Allow to disable the identity map or override UnitOfWork #4969

Closed
opened 2026-01-22 14:54:34 +01:00 by admin · 9 comments
Owner

Originally created by @lzref on GitHub (Jan 12, 2016).

Originally assigned to: @Ocramius on GitHub.

Hello. I'm surprised nobody asked about this before.

When dealing with existing codebase and trying to migrate it to using Doctrine, it's hard to do that immediately, in one commit. A more realistic approach is to start using Doctrine for new classes/tables, and gradually move the rest of the classes and queries later.
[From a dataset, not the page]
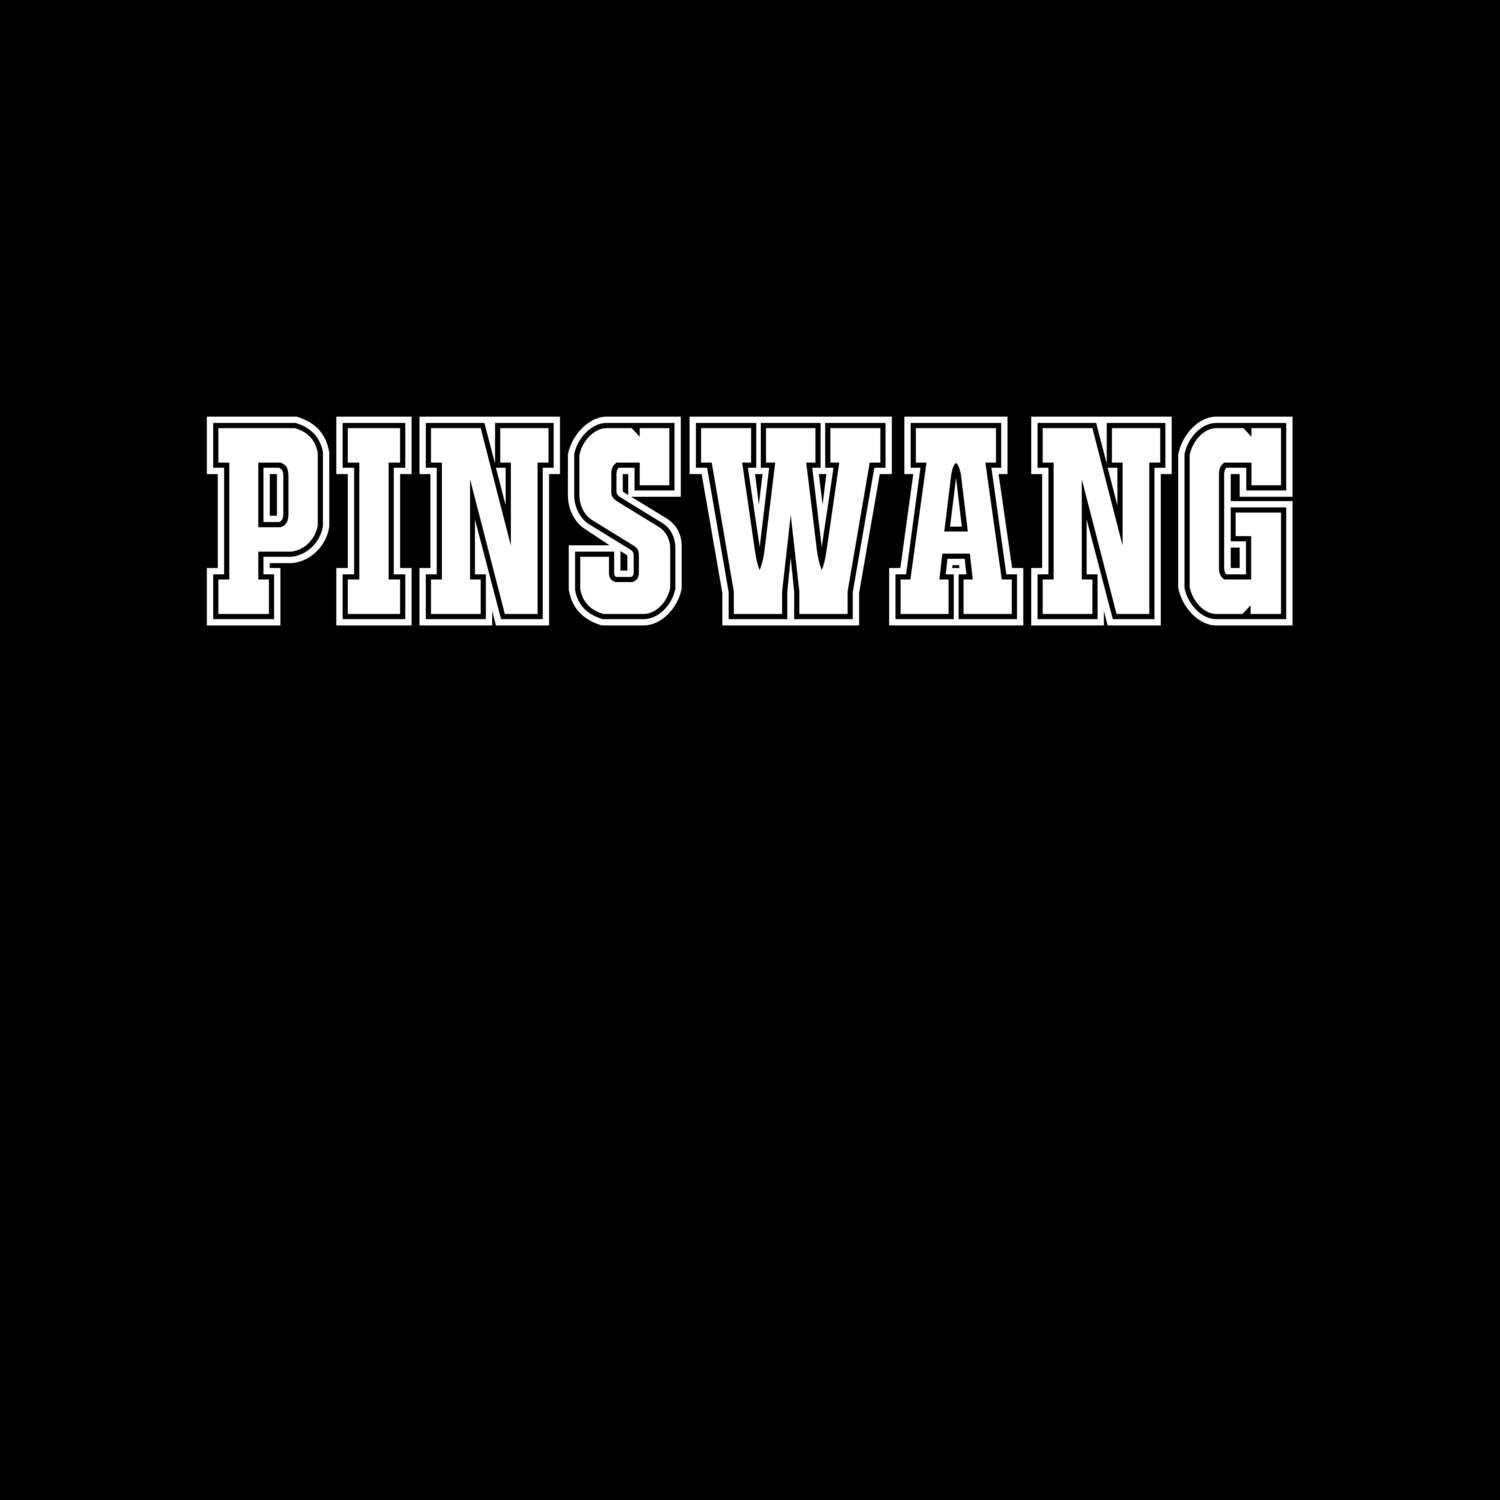 Pinswang T-Shirt »Classic«

The problem with that approach is that Doctrine's identity map assumes that all database writes happen through it. Consider the following code:

$user = getUserWithDoctrine($user_id);
// ...
updateUserWithPdo($user_id, $new_user_fields);
// ...
$user2 = getUserWithDoctrine($user_id);

Doctrine's identity map won't know anything about the update query that was made directly using PDO and return the same object (without the latest changes). This is very counter-intuitive, especially if these reads and writes are situated in different parts of the codebase.

One workaround is to always clear the entity manager before executing read queries (methods like find(), etc.) However, that makes the code more bloated, as well as a bit slower.

Other concerns that have to do with identity mapping are increased memory usage and using stale data when rows are updated in the database by other scripts.

Hopefully by now I made my case that there's at least some situations where disabling identity map is beneficial. Even without it Doctrine has plenty of features to be extremely useful in projects.

Surprisingly, Doctrine currently provides no way of disabling the identity map or overriding UnitOfWork. Field $unitOfWork in the EntityManager class is private and has no setters. It gets set in EntityManager's constructor and it's always set to a new instance of \Doctrine\ORM\UnitOfWork (hardcoded).

Will appreciate your feedback!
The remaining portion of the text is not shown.